The first group of characters, ASCII 1-31 are specifically non-character or non-print commands. So, they do nothing for creating passwords. Most password systems use letters and numbers also known as alpha-numeric characters. Many assume these characters are stored somewhere, either in a database or flat-file. But, since I know that a security checkpoint does not need to be saved to the database or flat-file, realized there was a lot more potential in creating a security portal, than a blurred ASCII Art rabbit {although it was really cute}. Adding the “unused characters”, created my own version of Captcha. I combined the units 32-47 + 58-64 + 91-96 + 123-126. Yes, I could have even applied the ASCII Extended units, up to 255. But because they are called HTML special characters, like copyright symbol or accented Latin, and do not appear on the keyboard itself, left them alone. Not that they cannot be used, they CAN! But it would make more work on the actual human and make me a Captcha monster -literally and figuratively. So, this added an additional 29 units to the available list of ASCII characters for a grand total of 88 characters out of 128, within the range of 32 and 128, respectively. The new probabilities or combos then are 7,744.

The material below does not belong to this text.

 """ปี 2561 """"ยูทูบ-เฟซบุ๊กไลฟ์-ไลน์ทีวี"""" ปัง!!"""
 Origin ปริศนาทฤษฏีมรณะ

Scripting Web Page Security Measures

For the most part, a n00b programmer can design and implement their own web security system, using several approaches. And since the newer versions of Captcha are causing the not-so-visually impaired to become visually impaired, staring at those glyphs, have decided to think out of the box.

What are some of the ways to use the ASCII system to create security portals? Well, one way is to use the additional characters mentioned. This expands the password range from 3,481 to 7,744 -almost double. Sweet! Achieving this basically requires selecting the number of characters for output. They can be from one to eighty-eight characters in length. But 88 char is a bit excessive, not to mention most machines tend to stop reading an input-field after twenty characters, simply because it begins to eat up automated time-lines. Spammers do not want to get noticed. They want the fastest in-out possible, so they can move on to the next victim. I found that even groups work best, like 6 or 8 characters in length. A six-eight combo yields 36-64 probabilities per instance or display.

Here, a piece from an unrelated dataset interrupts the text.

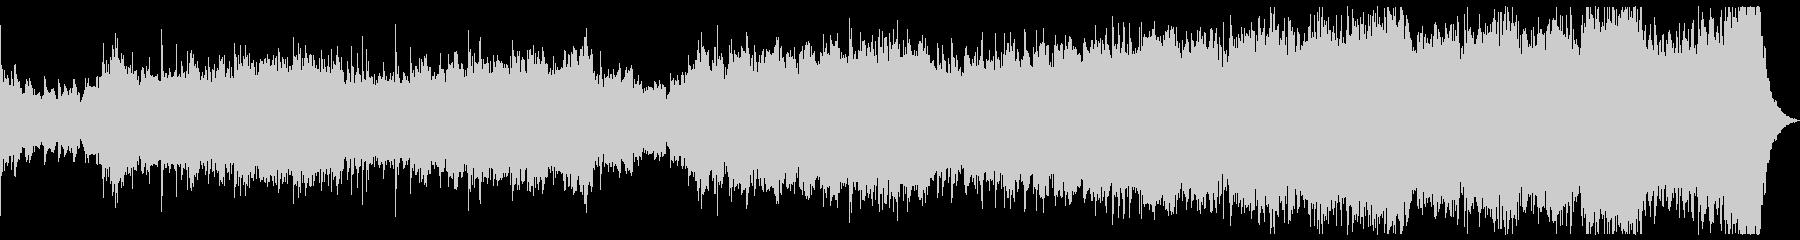 現代的 交響曲 エレクトロ アクテ...の未再生の波形

One approach I used, which has been extremely effective, is to simply apply a static background color to the password display area. This is achieved by creating a SPAN next to the input-field and doing a little CSS majik. The output was quite clean, simple and readable by the average human. Because I wrapped the output in a span, it is unlikely a robot or automatic spammer would “look” for it. They usually look for “input type” names or pre~fill fields. The ouput script produced a combo of lowercase and uppercase letters, as well as, numbers and symbols. This alone reduced spam on one of my clients websites to zero. I kid you not. Another way using this same method was called forced highlight. The page background was white and security output color white. Just above the input-field, I made a notation for the visitor to highlight the area and read the code.

Brilliant! This made it even easier for the real human, because they could just copy-paste the security code in, and oblivious to the robot or spammer -who could not even see the text.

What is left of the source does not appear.